How to restore grub with a live CD
I borked my primary boot device's grub installation last week because I wanted to start Windows 7 to play some LAN games. Windows 7 wouldn't boot from grub, so I thought I'd install a new grub version. I reinstalled grub before regenerating the config file and rebooted. Too bad the Arch packages don't handle that for you, as I was used to in Debian.
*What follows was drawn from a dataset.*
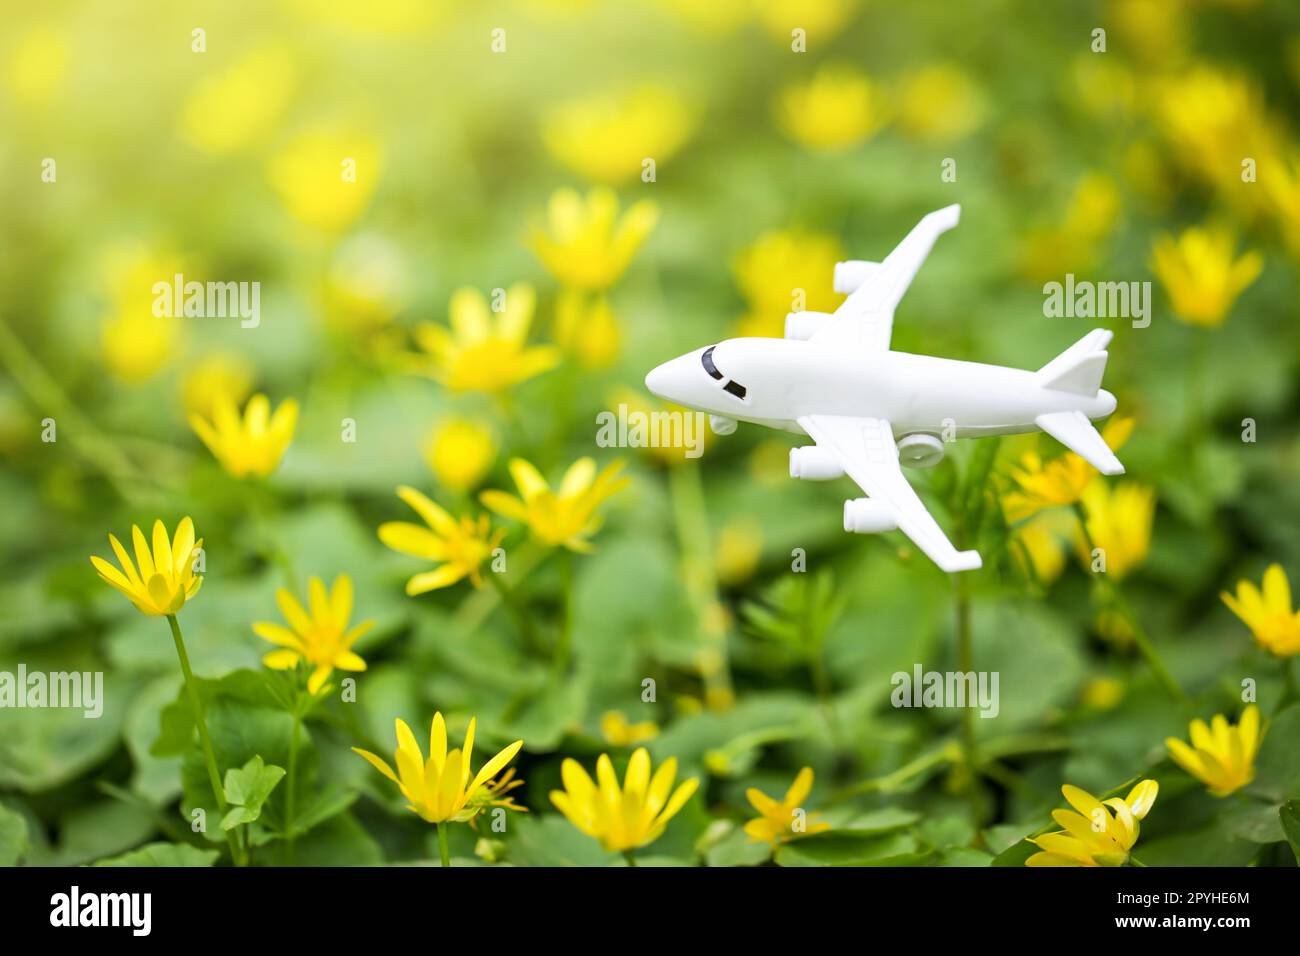 Nachhaltiger Treibstoff Für Die Luftfahrt. Weißes Flugzeugmodell auf Blume frisch grünen Blättern Hintergrund. Saubere und grüne Energie, Biokraftstoff für die Luftfahrtindustrie. Stockfoto

This caused the grub to fail booting both Windows and Arch, so I resorted to changing my primary boot device in the BIOS.
Now, one week later, I decided to fix it, and as I can never recall by heart what the steps to take are, here's a recipe, pretty much for my own convenience.
I'm running Arch Linux currently, but the same principle should work for any Linux flavour you might be using.
Recipe
- Boot from whatever live CD you have lying around
- Login in a shell
- Create a local mount point for your hard disk's root device (eg
/mnt/root
) Mount the root partition onto that mount point
#!shell # mount /dev/sda1 /mnt/root
Mount the device system
#!shell # mount -o bind /dev /mnt/root/dev
Mount the proc file system
#!shell # mount -t proc none /mnt/root/proc
Change root
#!shell # chroot /mnt/root
Make sure the boot partition is mounted, if you have one.
#!shell # mount /boot
Regenerate grub config
#!shell # grub-mkconfig -o /boot/grub/grub.cfg
Reinstall grub
#!shell # grub-install /dev/sda
Reboot and enjoy.
#!shell # shutdown -r now
Of course, you need to substitute the device names with your own.